Well, where to begin in our monthly update?  Let’s start with the important stuff – the kids.
We are still having some difficulty controlling Peyton’s seizures, however we are getting “better”.  We finally had to switch medications a couple weeks ago, and are now dosing up with the new drug, while weaning off the old one.  This has seemed to work, and is controlling the partial seizures much better.  However, we did have another “big one” last weekend.  We need to wait another week or two to get up to the full dose to find out if this new drug will work for sure.  This has been very stressful for us, but we are committed to getting Peyton back to school as much as possible, and give him “normalcy”.  He is a trooper, and immerses himself in books and baseball on times he can’t go to school.   We would also like to thank Suzie, Natalie and Helen for offering to come in and “shadow” him at school, what a blessing that has been, THANK YOU!

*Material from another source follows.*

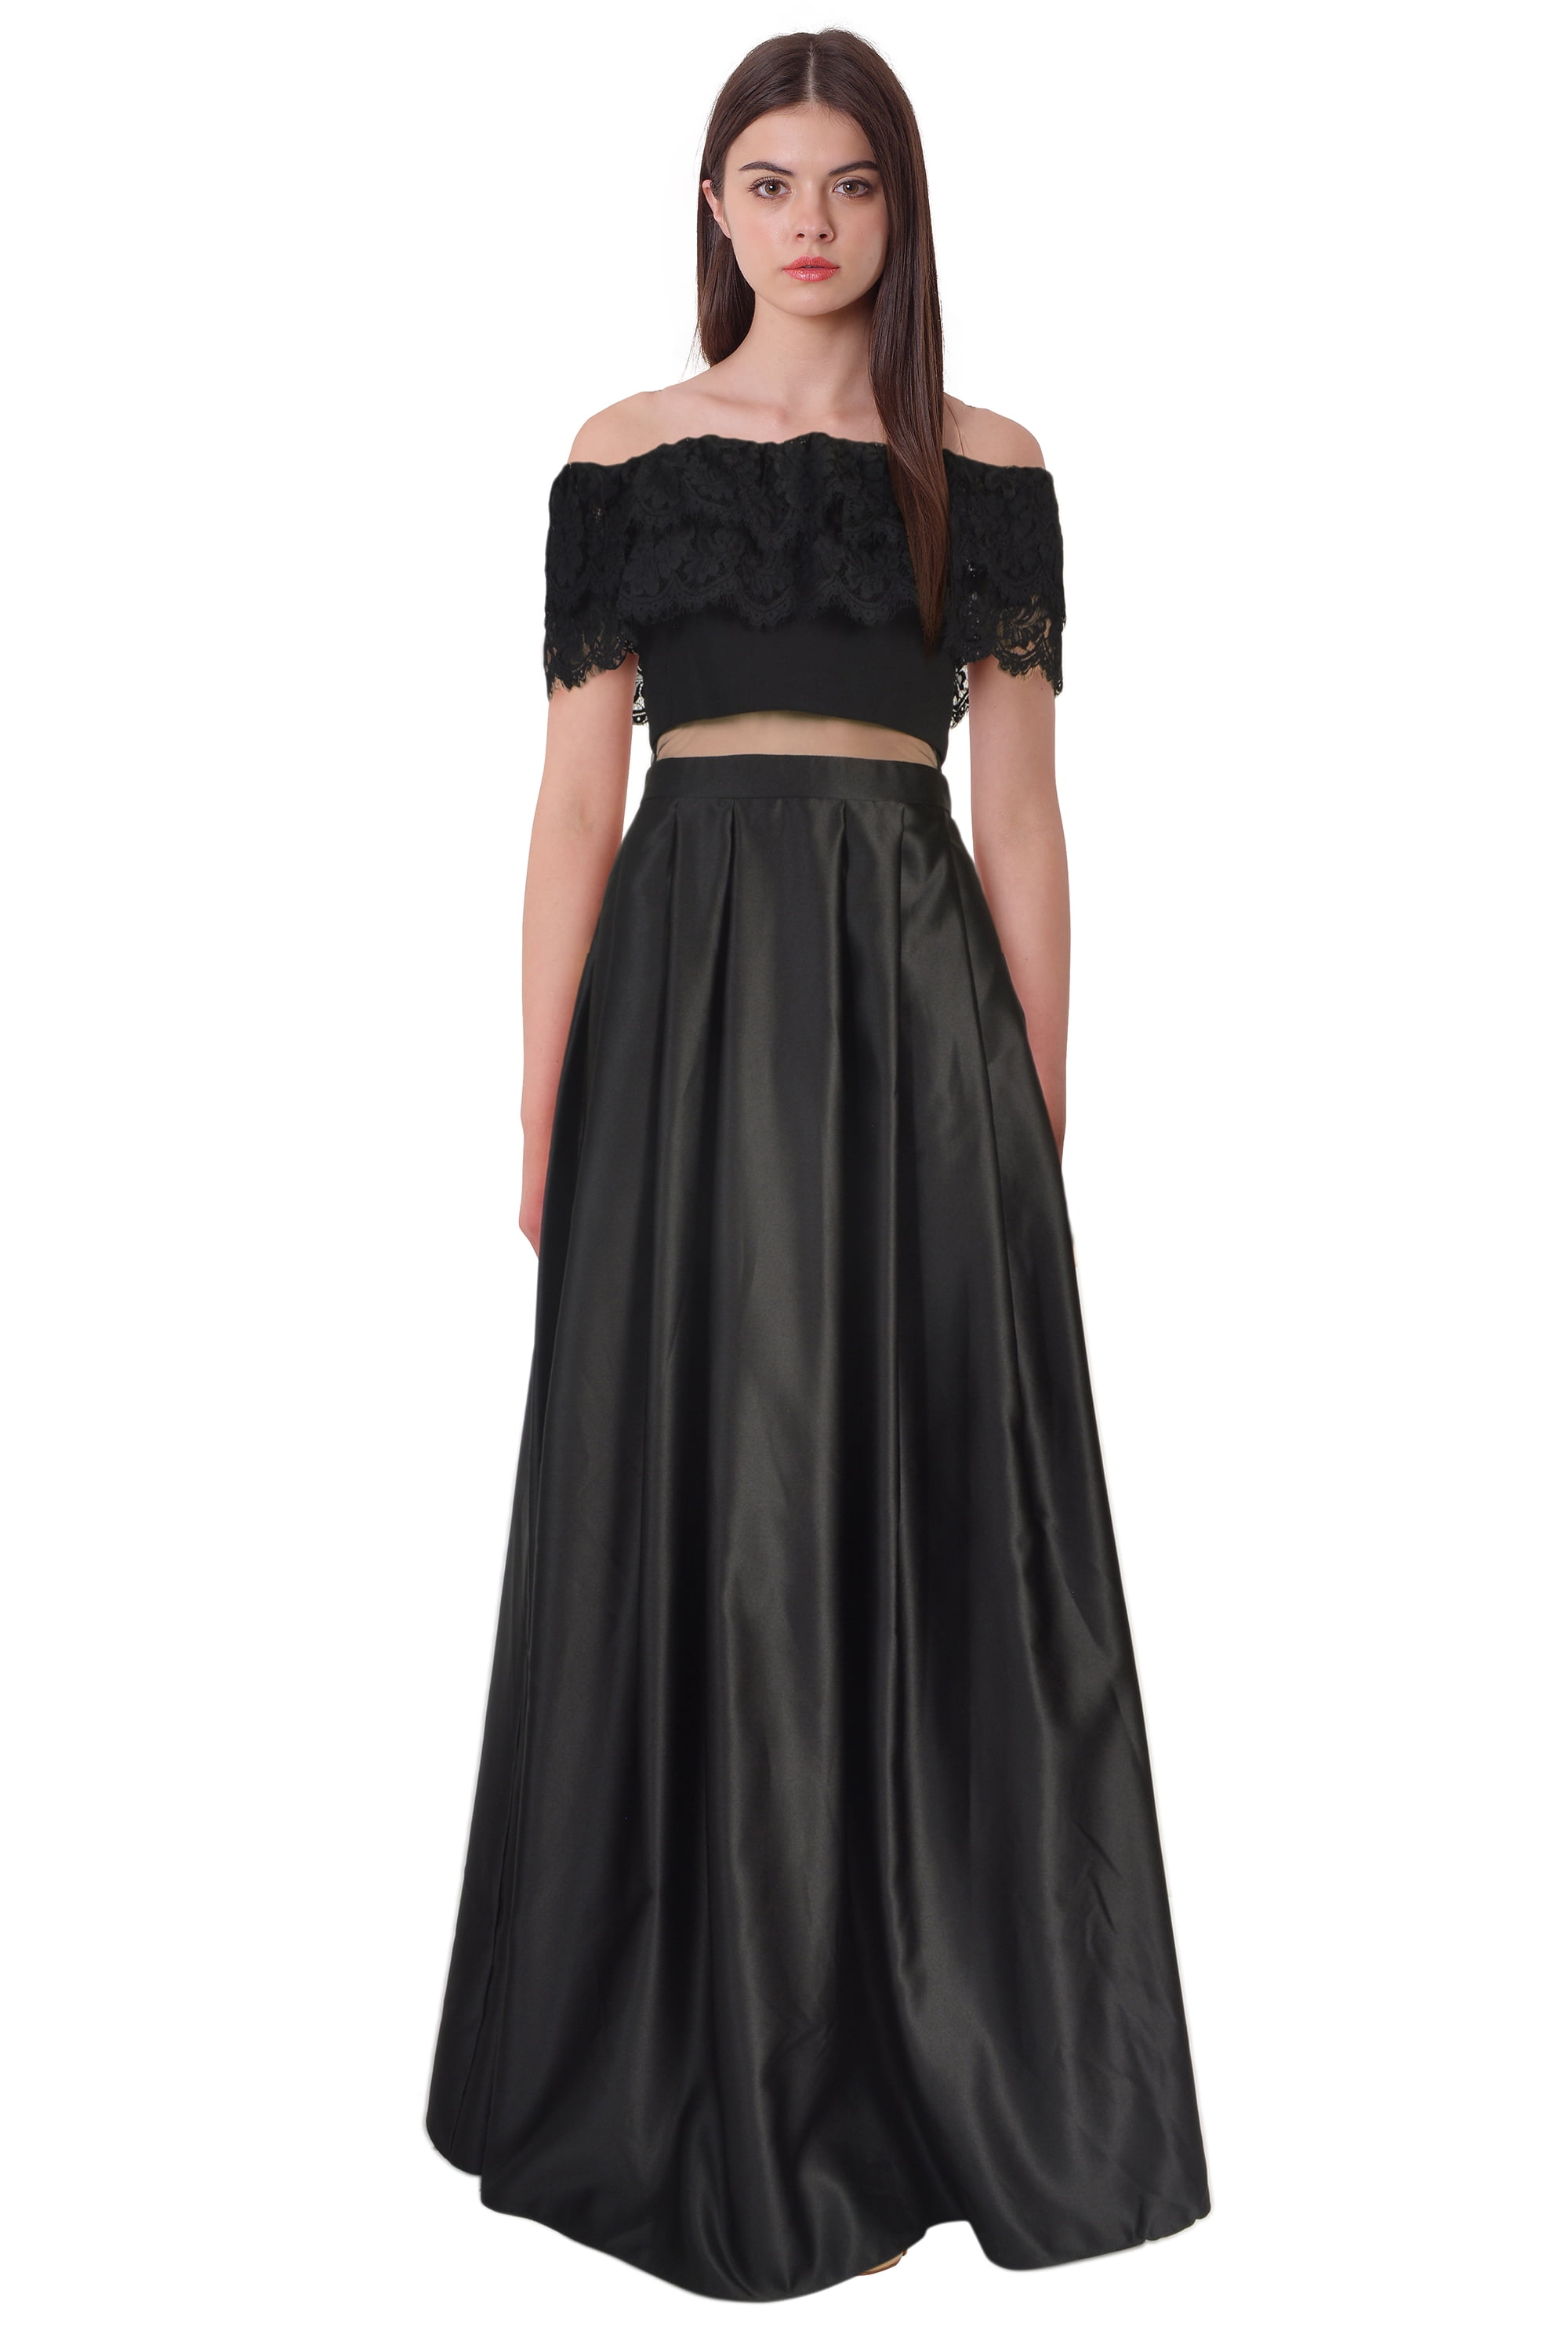 Betsy & Adam - Betsy & Adam Off Shoulder Lace Mesh Inset Evening Gown ...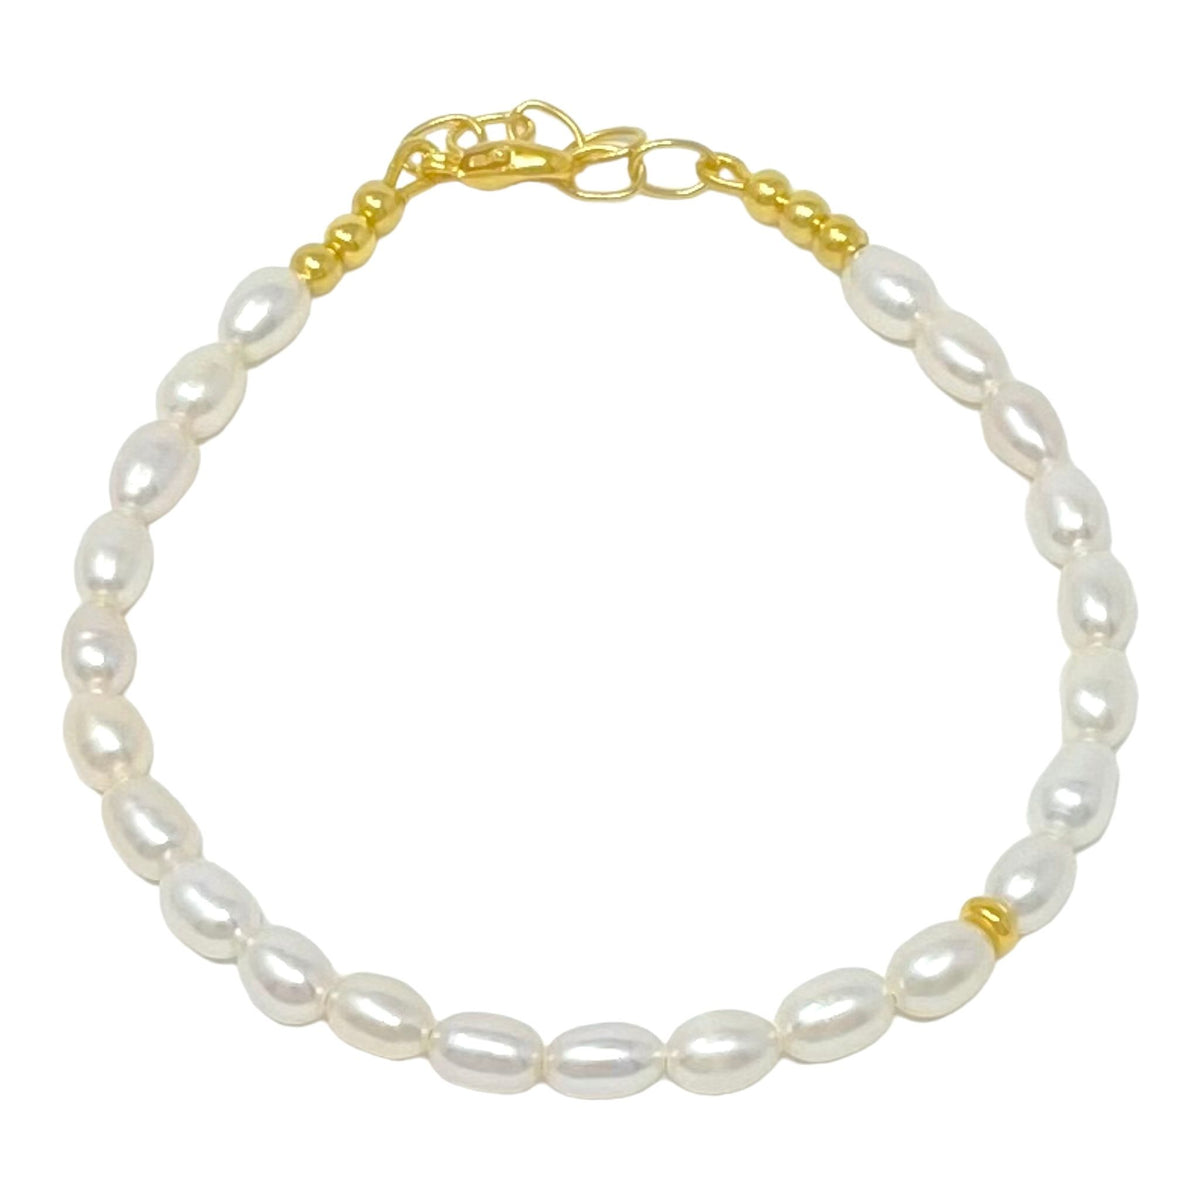 Freshwater Pearl and Gold Bead Bracelet

Kayla only has 2 more weeks in her clinical trial (YAH!), and we go back in mid March for the final blood draw.  No news yet on how effective the drug is in helping protect the neurons, but we’ll know soon.  At least now we will be able to get her on it full time!
Jonah is playing 1st grade basketball, and really enjoys it, even though they get beat each week by 20+.  This must be due to the poor coaching those kids receive…. ;-)
We had our Casino Night Fundraiser last month, and what a great success!  Thank you Nick and Stephanie Heuertz for heading this up, and to all of the sponsors and donors as well!!  We raised a lot of money for research, and everyone had a great time, thank you especially to everyone that showed up in support!!!  We’ve had a lot of requests to do that one again, so we’ll see.  We’re thinking maybe we should do one somewhere else.  Salem perhaps?  Stay tuned…….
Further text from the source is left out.